Railway's journey from Google Cloud Platform to bare metal infrastructure reveals the hidden costs and constraints of hyperscalers. Despite multi-million dollar annual spend, they received minimal support, faced unexplained outages, and hit engineering constraints that prevented them from delivering competitive pricing and features to customers. The decision to build their own data centers wasn't just about cost—it was about survival and control.

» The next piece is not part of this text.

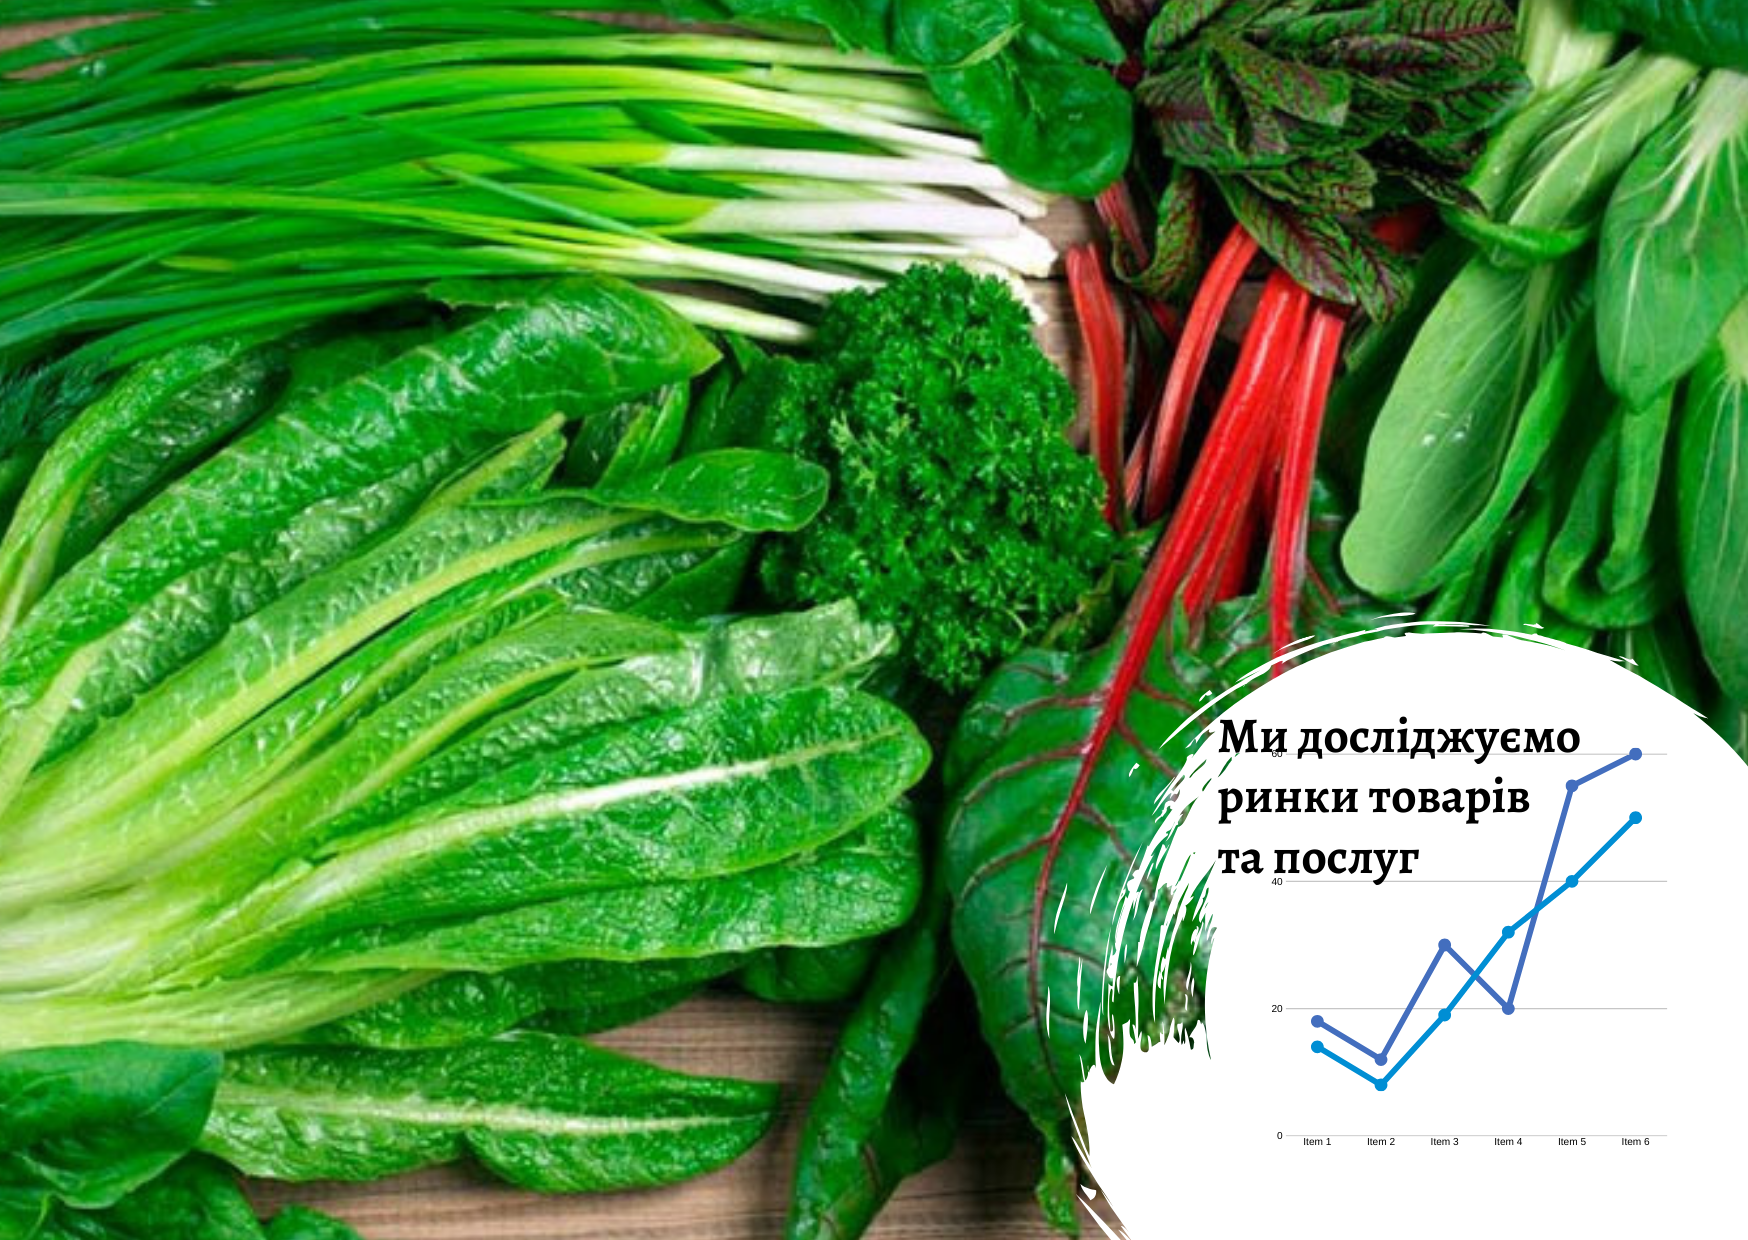 Ринок зелені в Україні: споживчі вподобання

The physical buildout process is remarkably different from software infrastructure. Power is the critical resource, paid as a fixed monthly commit regardless of consumption, with costs varying 2x between geographies like US West Coast versus Singapore. They chose cage colocation (private space with mesh walls) over greenfield or rack colocation, then had to solve power density calculations, select PDUs with remote metering capabilities, and design cold/hot aisle airflow. Network connectivity required contracting with multiple Tier 1 ISPs selected for regional footprint maturity, then using BGP to consolidate routing tables and optimize packet handoff per destination—sending Australian traffic to Telstra, Japanese traffic via PCCW's NTT peering.

The operational complexity is intense: each install phase involves 60+ devices and 300+ discrete cables, all documented in Excel-based cabling matrices and rack elevations before contractors can begin. Common issues include upside-down PDUs reversing socket numbering, facilities wiring power phase-to-neutral versus phase-to-phase, contractors mounting reverse-airflow switches backwards, wrong fiber polarity requiring "rolling cables" (swapping LC connector plugs), and faulty PDU sockets requiring rubber mallets. The team built internal tools (Railyard and MetalCP) to automate generating build specifications and managing the infrastructure. Their network uses FRR and SONiC on whitebox switches for a software-driven L3-only design that integrates with their control plane.